After publishing the ETS on COVID-19 vaccination, testing and masking in the Nov. 5 Federal Register, OSHA solicited public comment through Jan. 19, extending its original comment period by 45 days. As with any proposed rule, the agency has the option to make changes to or withdraw the regulation before issuing a final rule.

The “renewal process” for an ETS is like that for other regulations, governed by notice-and-comment procedures, as outlined in the Administrative Procedure Act of 1946. For many other regulations, the process is a lengthy, multistep one that often takes years or even decades. A 2012 Government Accountability Office study found that, between 1981 and 2010, OSHA needed, on average, more than seven years to develop and issue a regulation.

An OSHA flowchart detailing its rulemaking process estimates that it takes around 12.5 years to complete all seven stages, which encompass 48 potential steps.

The major steps are a Request for Information and/or a “pre-rule stage,” followed by an agency issuing an advance notice of proposed rulemaking or a proposed rule.
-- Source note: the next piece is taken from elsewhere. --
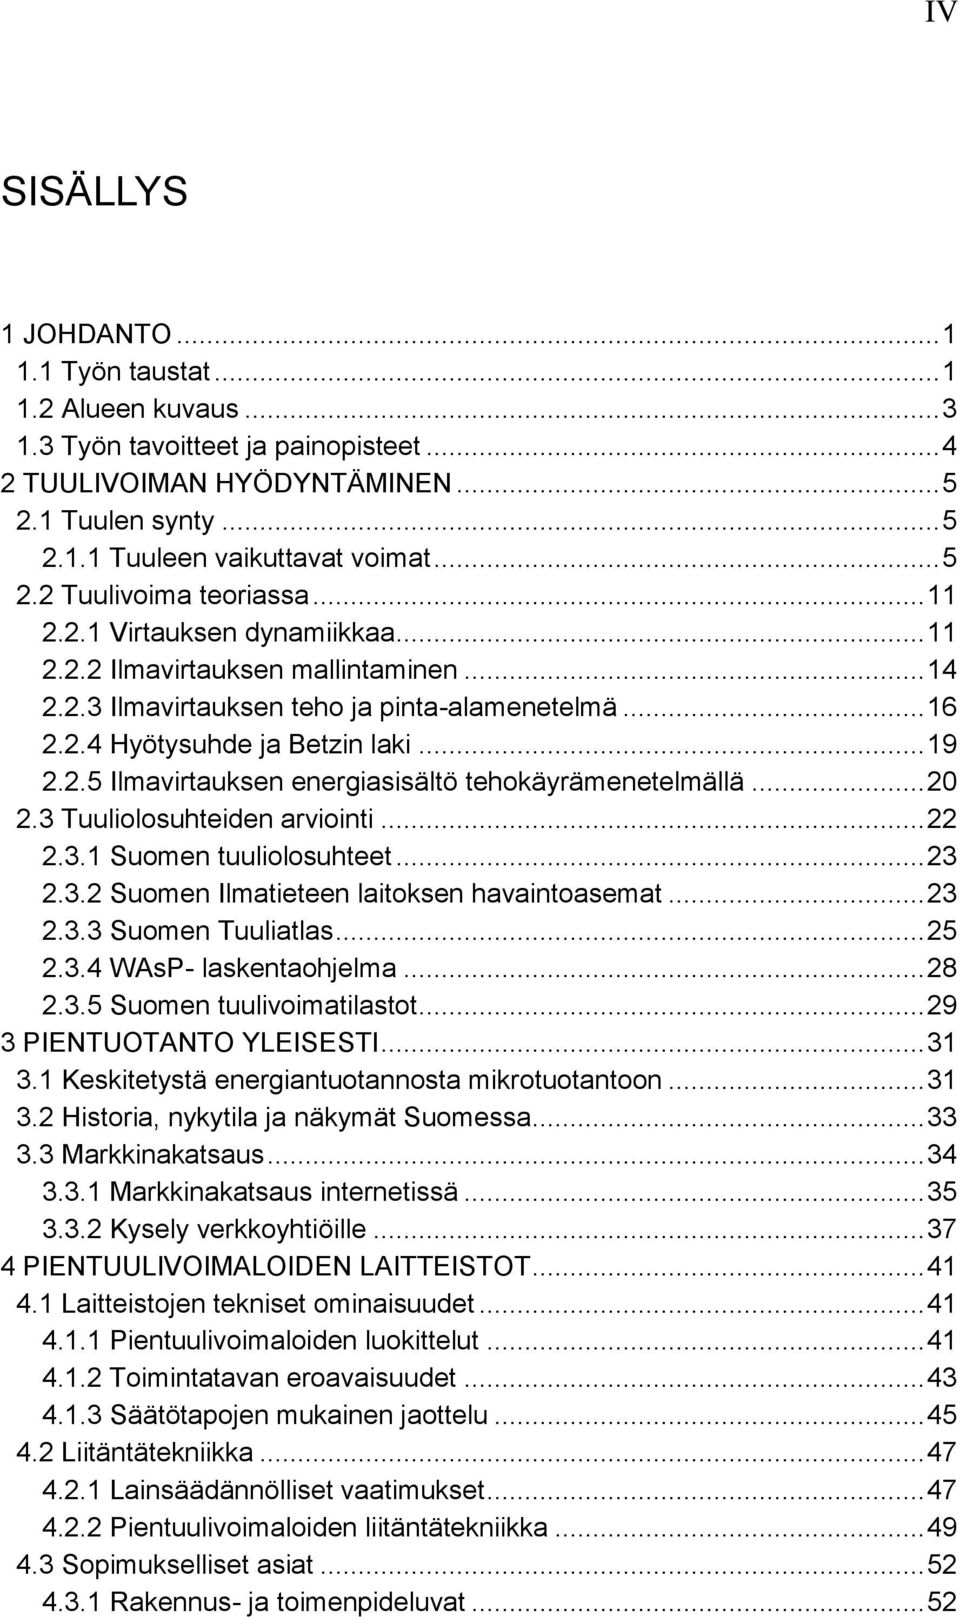 .. 19 2.2.5 Ilmavirtauksen energiasisältö tehokäyrämenetelmällä... 20 2.3 Tuuliolosuhteiden arviointi... 22 2.3.1 Suomen tuuliolosuhteet... 23 2.3.2 Suomen Ilmatieteen laitoksen havaintoasemat... 23 2.3.3 Suomen Tuuliatlas.

Typically, comment periods are scheduled – often spanning 30 to 60 days or more – between each of those steps until a final rule is published.

Executive Orders and court decisions have added extra time to the process for certain OSHA regulations. That includes reviews by the White House Office of Management and Budget and the Small Business Administration. SBA reviews, also known as SBAR panels, are conducted for regulations that will have “a significant economic impact on a substantial number of small entities.” No thresholds exist, however, as to what’s “significant” or “substantial.”

In a May 2012 guide on how to comply with the Small Business Regulatory Enforcement Fairness Act of 1996, SBA says, “No single definition can apply to all rules, given the dynamics of the economy and changes that are constantly occurring in the structure of small-entity sectors. This is why it is important that agencies make every effort to conduct a sufficient and meaningful analysis when promulgating rules. The preparation of the required analysis calls for due diligence, knowledge of the regulated small entity community, sound economic and technical analysis, and good professional judgment.”

Does an ETS require congressional approval?

No. Congress gave the executive branch’s agencies the ability to promulgate regulations via the aforementioned Administrative Procedure Act.

Congress, however, has a method of disapproving an ETS and other regulations (with some exceptions) via the Congressional Review Act, included as part of the SBREFA. The bar is set fairly high, though. To overturn a regulation, both houses of Congress need to approve a joint resolution and the president needs to sign it. Or, Congress would need enough votes to override a presidential veto after approving a joint resolution.

The CRA also comes with a ticking clock: Congress has 60 “legislative” days, or days when it’s in session, to issue that joint resolution. On Dec. 8, the Senate approved a CRA resolution to repeal the ETS on COVID-19 vaccination, testing and masking, but the House did not follow suit.